Un entretien avec Edgard
Je vous ai déjà dit comment j’ai rencontré Edgard ? Je l’ai « trouvé » à la « buvette des jeunes » lors du dernier match de l’année. Il y avait beaucoup de monde et il jouait des coudes pour accéder au comptoir (visiblement trop haut, peu adapté pour accueillir « les jeunes »…). Ce sont d’abord mes côtes qui ont fait connaissance avec son coude droit. J’ai regardé le type qui s’agitait ainsi à mes côtés. A première vue, sympa mais bavard. Il avait l’air content. « Quel but le noir là ! » me lance-t-il. Il n’y en avait eu qu’un seul (de but) juste avant la fin du match. Je ne pouvais pas me tromper sur l’identité du joueur à féliciter. « Richard Soumah, il avait pourtant l’air au bout du rouleau et puis subitement il retrouve l’énergie d’aller marquer… ».

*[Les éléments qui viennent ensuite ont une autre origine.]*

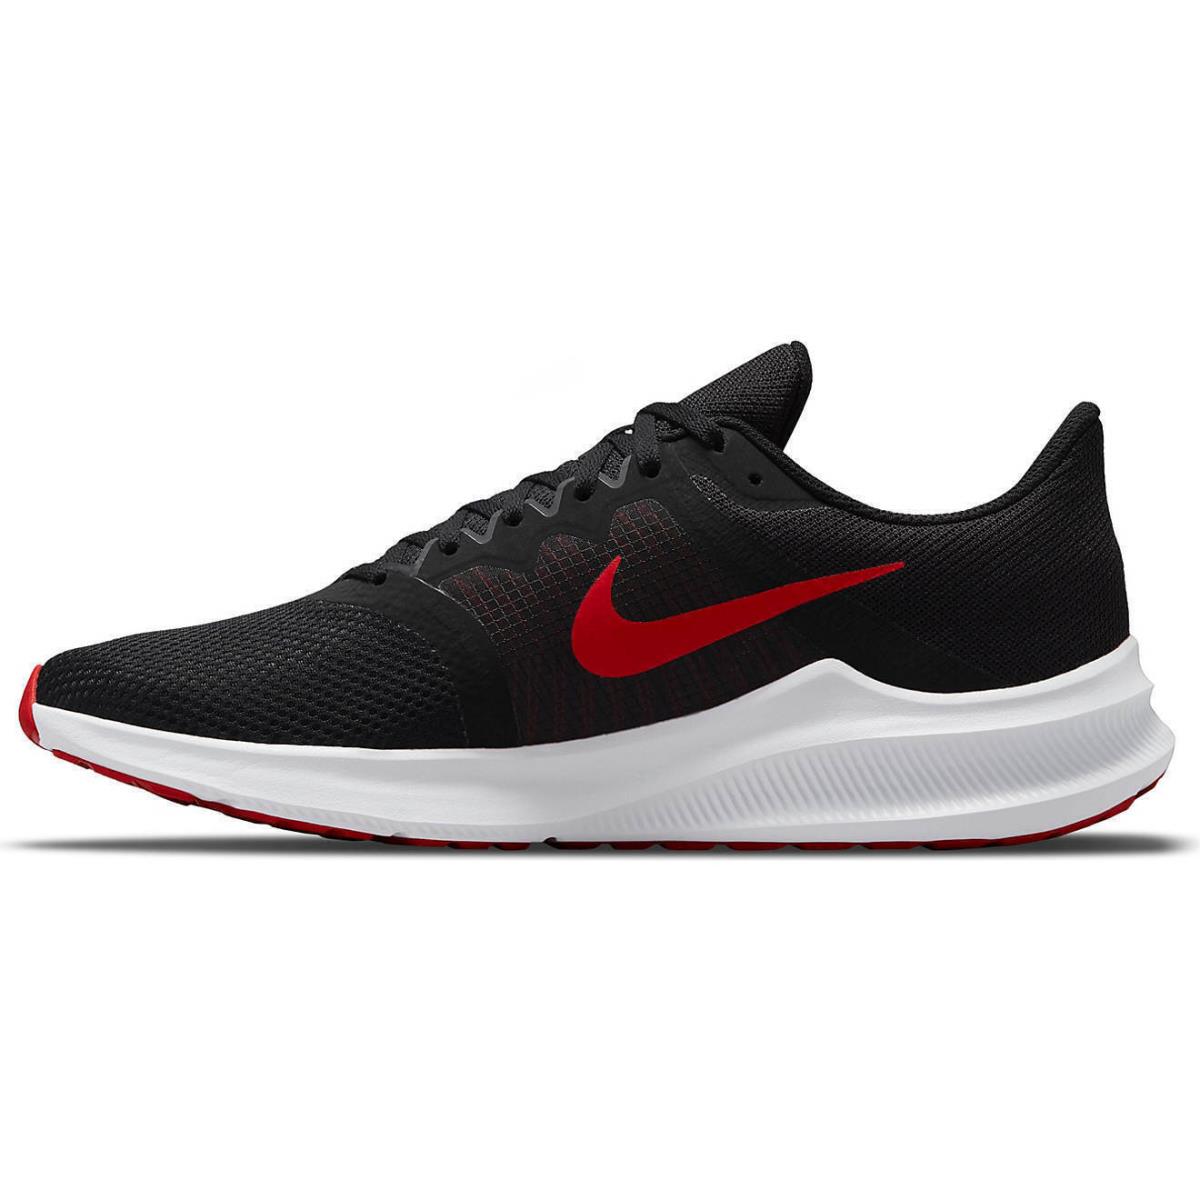 Nike Mens Downshifter 11 Running Shoes CW3411 005 - BLACK UNIVERSITY RED WHITE

Voilà, ça c’est le début. Et quelques verres de bière plus tard on discutait encore de foot, de stades, d’équipes, de coups de sifflet, de pelouse et… de démocratie ! Edgard m’expliquait sa « vision du monde »… « Moi, je vois ça comme ça » me dit-il. « Comme un très grand stade. Il y a de très bonnes équipes qui jouent sur le terrain : la nôtre et « les autres ». On doit gagner. Et à chaque but, on gueule comme des fous dans les gradins. La mi-temps c’est comme le Doudou, on boit des pintes. Et la troisième mi-temps c’est le 21 juillet, on boit des pintes. Pour mettre de l’ordre sur le terrain, il y a un type en noir avec un gros sifflet. C’est le premier ministre quoi. Il distribue des cartons jaunes et des cartons rouges. Tu vois le symbole? Rouge, Jaune, Noir. Et pour que notre terrain ne soit pas envahi, les « visiteurs », on les parque dans un coin des tribunes derrière des grilles. On peut en accepter 200 à chaque match, on ne peut pas accueillir toute la misère du monde… Après le match on ne traîne pas trop, le lendemain on boulote.»
Là, je commençais à avoir du mal à avaler… Dans ma tête, chaque fois qu’il disait « stade », je pensais « Santiago du Chili ». Et les « visiteurs parqués derrière des grilles » sonnaient du côté de Vottem… Bon je n’allais pas le prendre de front. Je me suis mis à parler de ma conception à moi de « vivre ensemble ». « Pour moi ce sera une très grande fête. Il y aura du soleil, tous les habitants seront contents de se rencontrer et de parler de choses et d’autres. Toutes les familles vont apporter à boire et à manger (tout ça confectionné avec les fruits et les légumes de leur jardin). On chantera, on dansera. Des gens venus de très loin nous feront écouter leur musique et nous on essaiera de danser comme eux. Ça va faire rire tout le monde, mais c’est cela le but. Les enfants vont inventer des jeux avec ce qu’ils trouveront sur place. J’en vois déjà courir derrière un pneu qu’ils guident avec un bâton. Cerise sur le gâteau, il n’y aura pas d’entrée à payer, pas d’ « invités VIP » ni des « joueurs-vedettes », sur la pelouse, tous égaux dans notre diversité ».
J’allais lui préciser tout cela, lui parler d’autogestion, du droit de contrôle et de révoquer les élus, de la mise au pas de la finance qui a provoqué tant de crises, de la mise hors d’état de nuire des groupes de l’énergie fossile qui conduisent notre planète à la catastrophe, j’avais encore tant de choses à lui dire… Mais je me suis rendu compte qu’Edgard avait posé sa tête sur ses bras repliés sur la table et dormait. J’étais au moins content de ne pas l’avoir énervé avec mes délires abracadabranstesques.